# Workshop Manual for new Ducatos ?



## skratt (May 1, 2005)

hi,
Does anyone know if there is a Haynes manual or similar for Ducatos 2006 onwards ?


----------



## Wizzo (Dec 3, 2007)

Haynes will have an up to date list on their website but to be honest I think you will struggle to find one. AFAIK they didn't do one for the old models but you could sometimes find a car that used a similar power plant but that was as near as it got.

JohnW


----------



## billmac (May 25, 2005)

Thought I had read somewhere that Fiat agents had a CD workshop manual that was available from spares departments. Check with Fiat dealer.

Bill


----------



## eurajohn (May 9, 2005)

If you're happy with the CD version (it's OK not as easy or handy as a paper one) there are plenty for very little money on ebay. If my memory serves me correctly there was one for sale here a short while ago.


----------



## max123 (May 9, 2005)

If you have a 3Ltr or 2.2 this link may be of interest.

http://library.docent.isvor.it/uplo...cia Didattica Fiat Ducato seconda fase_GB.pdf


----------



## viator (May 1, 2007)

max123 said:


> If you have a 3Ltr or 2.2 this link may be of interest.
> 
> http://library.docent.isvor.it/uplo...cia Didattica Fiat Ducato seconda fase_GB.pdf


max123,
Brilliant, thanks.
viator


----------



## max123 (May 9, 2005)

Cheers.
It takes a while to load but I suspect it has lots of very usefull information to most people on this forum with the Ducato.
Max


----------



## pete4x4 (Dec 20, 2006)

Ebay have a Citroen version which as far as I can tell covers most of my 08 Fiat.
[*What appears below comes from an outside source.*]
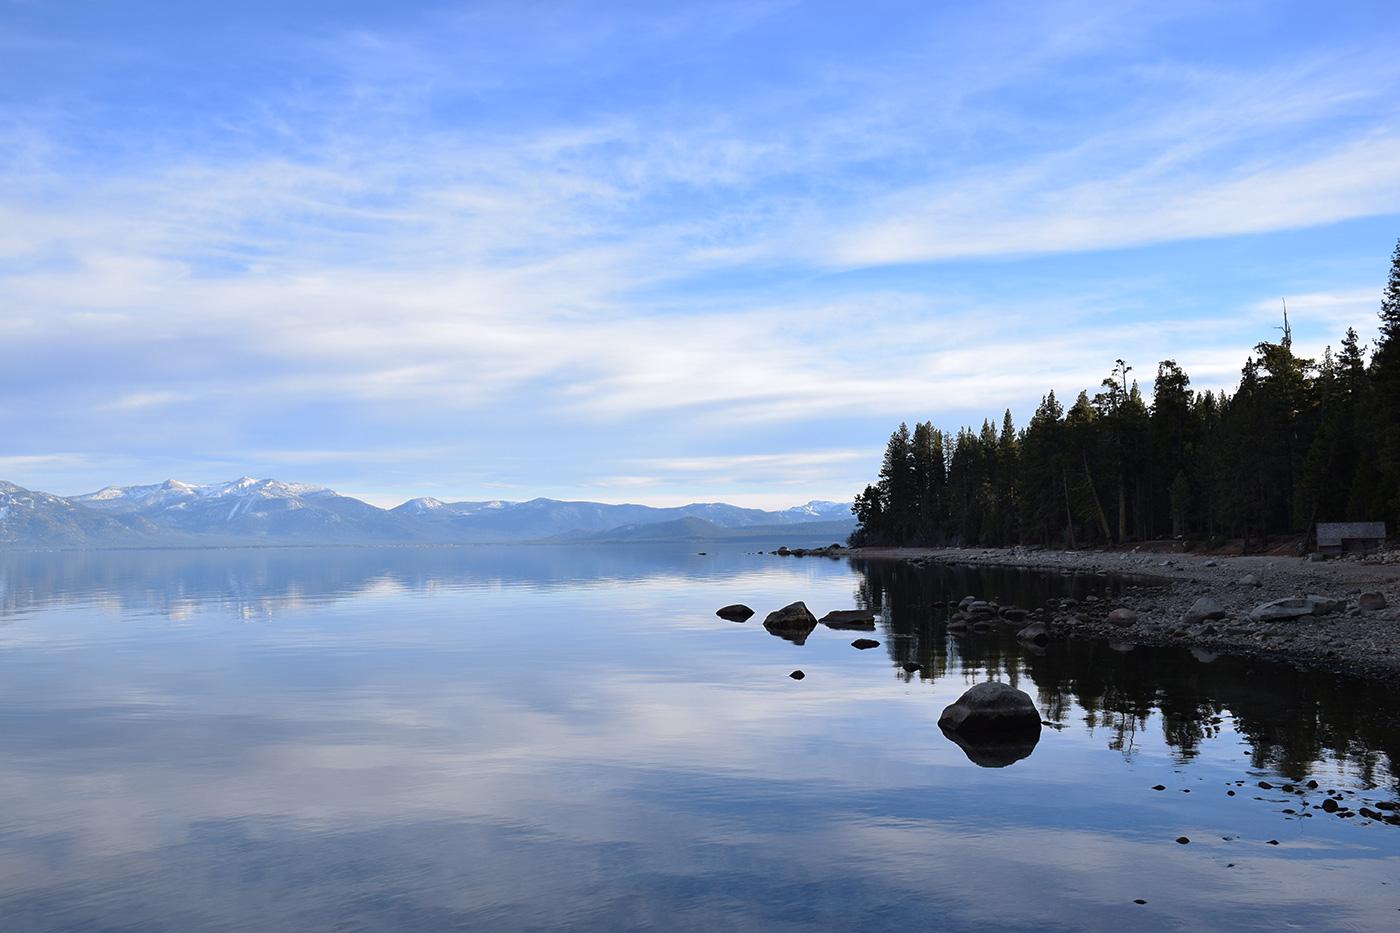 lake-tahoe-sugar-pine-point-hike-treeline-shore.jpg

Electrics anyway.


----------



## reflogoff11 (Jun 8, 2008)

My thanks to you Max123 for the very detailed technical info. Things I couldn`t get my head round before are much clearer now, being a retired HGV mechanic these last 12 years has made me pretty rusty, with the better understanding I now feel a lot happier when on long hauls.

Barrie


----------